Per-Martin Hamberg (born 14 July 1912 in Grundsunda, Sweden,– d. 11. December 1974 in Lidingö, Sweden) was a Swedish composer, scriptwriter, director, author and radio producer.

Per-Martin Hamberg was born in Ångermanland, but, at age 3, came to Stugun in Jämtland County where his father worked as priest.
Per-Martin finished High School at Östersund in 1932. Already during his high school years he performed at local city shows with his own melodies. Then he moved to Stockholm, where he passed the exam in Philosophy at Stockholm University in 1939. In high school at Östersund he met Karin Juel, and with her help he was able to publish a number of melodies, including Stora Skrällen and a ballade on the fiddlers of the French king.

Karin Juel often hired Hamberg to be her accompanying pianist. During his first year in Stockholm, Hamberg describes his aspiration for his former hometown Östersund in the known melody „Nu tänds åter ljuse i min lilla stad“ under the pseudonym Erik Decker.

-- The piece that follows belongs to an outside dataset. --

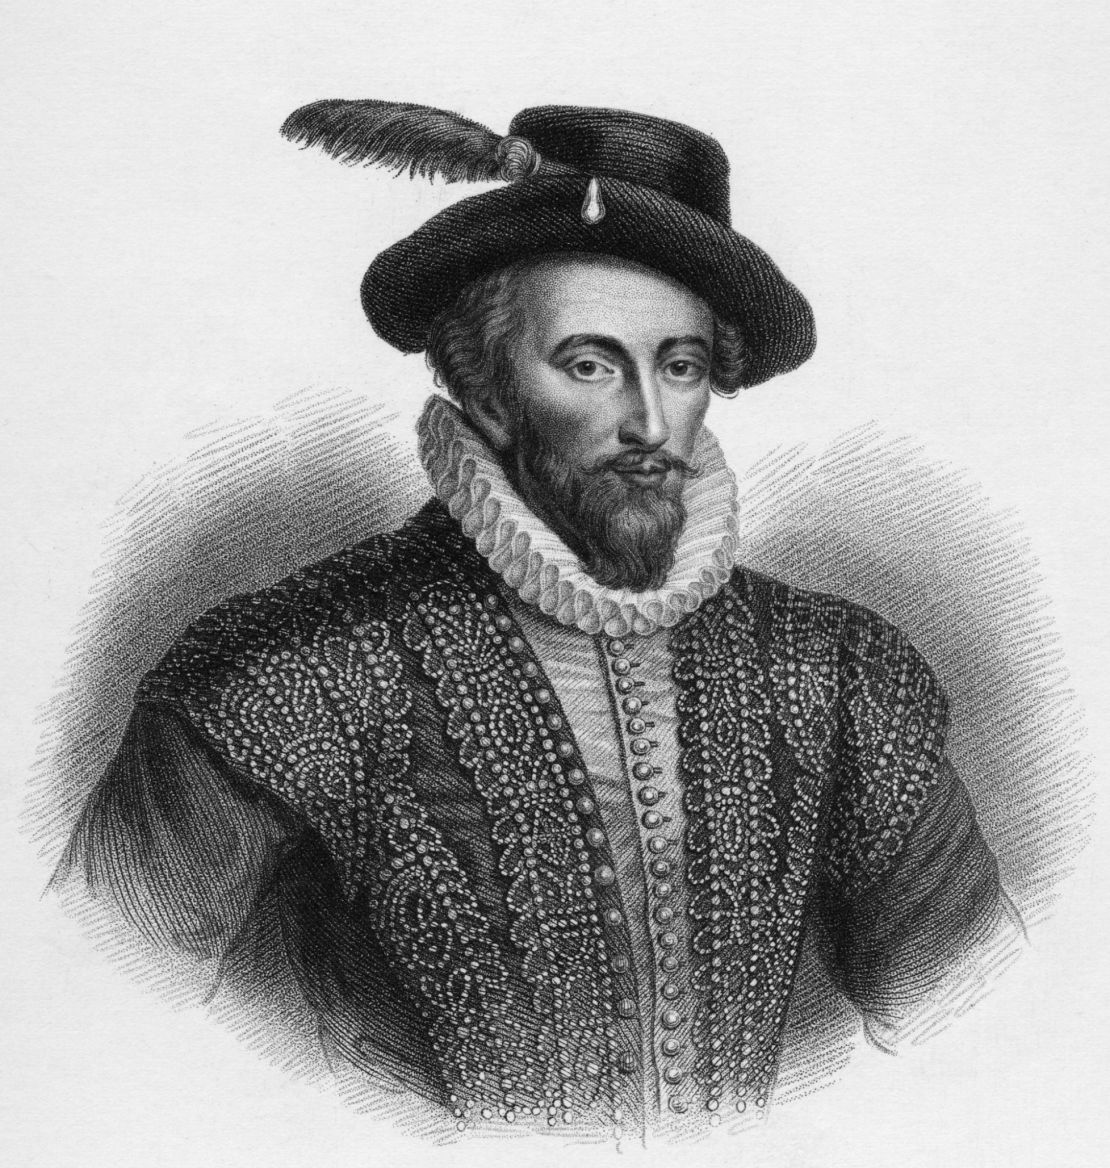 English writer, soldier, politician, explorer and spy Sir Walter Raleigh, circa 1595. From an original engraving.

Hamberg was hired by Sveriges Radiotjänst in 1945. Two years later he became head of the entertainment section and reorganized the radio entertainment program. Some of the radio shows which were redefined with Hamberg's help were Föreningen för Flugighetens främjande (FFFF) with Povel Ramel, Frukostklubben with Sigge Fürst, Karusellen with Lennart Hyland, and the long running quiz Tjugo frågor with himself as program director and Astrid Lindgren, Stig Järrel and Kjell Stensson as contributors.
In addition to his work at the radio, he led the Knäppupps Revuen from the first show „Akta Huvet“ in Gothenburg from 1952 on.
From early on Per-Martin Hamberg was interested in TV as media, and was program head at the Swedish Television from 1955 until 1962, where he started the shows Kvitt eller dubbelt and Stora famnen.
He also brought the popular radio show Hylands hörna to TV.
During his last years at the Swedish Television he worked at the news departement and as the head of Aktuell.
Per-Martin was multitalented, and published his first book Kärleks ljuva plåga shortly before his death, a novel about Magdalena Rudensköld.
In 1962 Per-Martin donated to the Uppsala history museum a valuable copy of trapping scissors which were made at the end of the 18th century to catch the great sea monster Storsjöodjuret. These were exchanged against the original during the 1965 festival; that's why the original trapping scissors are now in Uppsala and the copy is in Östersund.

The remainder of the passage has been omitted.